Step-level MDP¶
A Principled Foundation for RL Agent Training¶
Most existing frameworks treat the LLM agent as a token-level process: the "state" is the ever-growing concatenation of all past tokens, and the "action" is the next token. This token-level view forces context to grow monotonically and makes it hard to apply standard RL algorithms at a meaningful granularity.
Agent-R1 adopts a step-level MDP that models the LLM as an agent acting inside an environment:
| MDP Element | Definition |
|---|---|
| State \(s_t\) | The prompt presented to the LLM at step \(t\), determined entirely by the environment |
| Action \(a_t\) | The LLM's complete response at step \(t\) |
| Transition \(T(s_{t+1} \mid s_t, a_t)\) | The environment produces the next observation given the current state and the LLM's response |
| Reward \(r_t\) | A per-step reward signal from the environment |
| Policy \(\pi(a_t \mid s_t)\) | The LLM itself |
graph LR
state_t["State s_t"] -->|"Policy π (LLM)"| action_t["Action a_t"]
action_t -->|"Environment"| state_t1["State s_{t+1}"]
action_t -->|"Environment"| reward_t["Reward r_t"]
state_t1 -->|"Policy π (LLM)"| action_t1["Action a_{t+1}"]

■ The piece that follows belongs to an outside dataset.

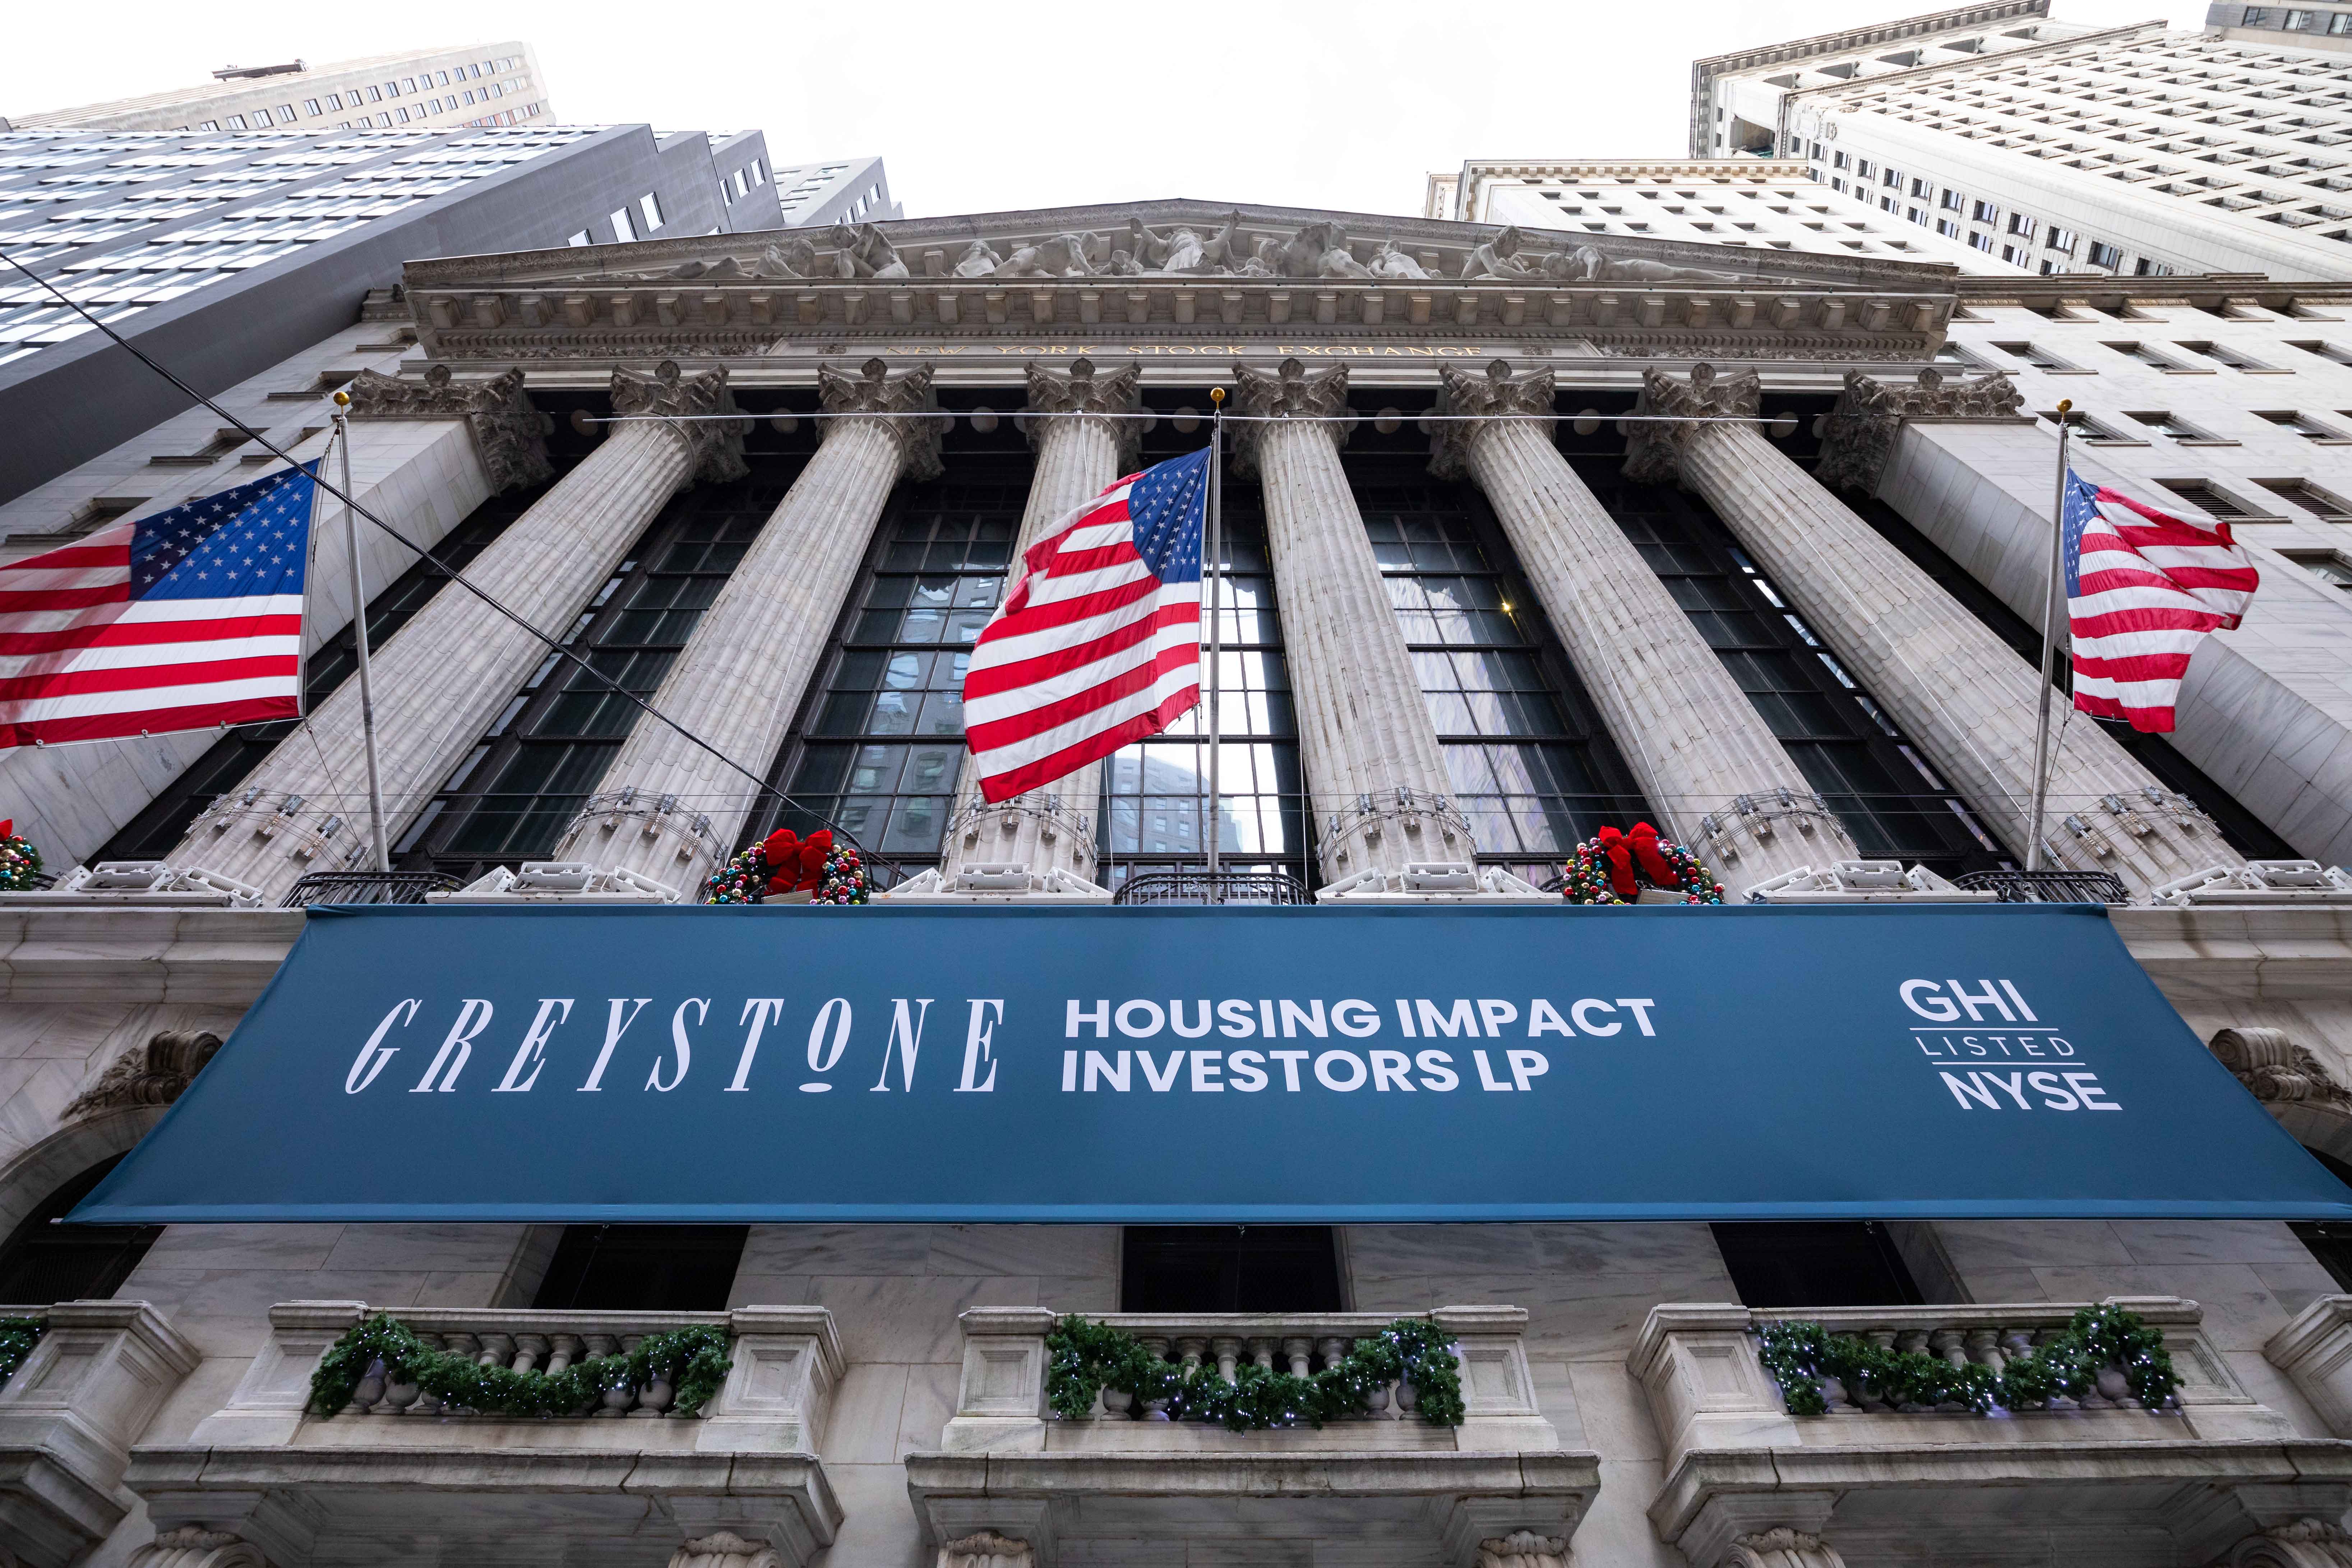 Greystone Housing Impact Investors LP rings the opening bell on NYSE on December 12, 2022.

action_t1 -->|"..."| more_steps["..."]
This formulation leads to three key insights:
Flexible Context
Because the state \(s_t\) is provided by the environment -- not derived by concatenating all prior tokens -- the environment is free to summarize, truncate, restructure, or even completely replace the context between steps. As long as the transition function is well-defined, the MDP remains valid.
Valid RL Training
Each step has its own observation, action, and reward. Log-probabilities are computed conditioned on \(s_t\) independently at each step, so standard policy gradient methods (PPO, GRPO, etc.) apply directly at the step level.
Concat as a Special Case
The traditional "append everything" approach is simply one particular transition function: \(s_{t+1} = \text{concat}(s_t,\; a_t,\; \text{env}_{output_t})\). It is a valid but by no means the only choice. Agent-R1 supports it as a special case rather than a hard-wired constraint.
Why It Matters for Agent Tasks¶
This is the main reason Agent-R1 is built around multi-step agent behavior rather than single-step prompting. Once the environment owns the next observation, the framework can naturally support:
- tool calls and structured environment feedback
- state updates across multiple turns
- per-step rewards instead of only outcome rewards
- trajectory-level training for real agent tasks
In practice, this means the important unit in Agent-R1 is not just a token stream, but a sequence of environment-mediated interaction steps.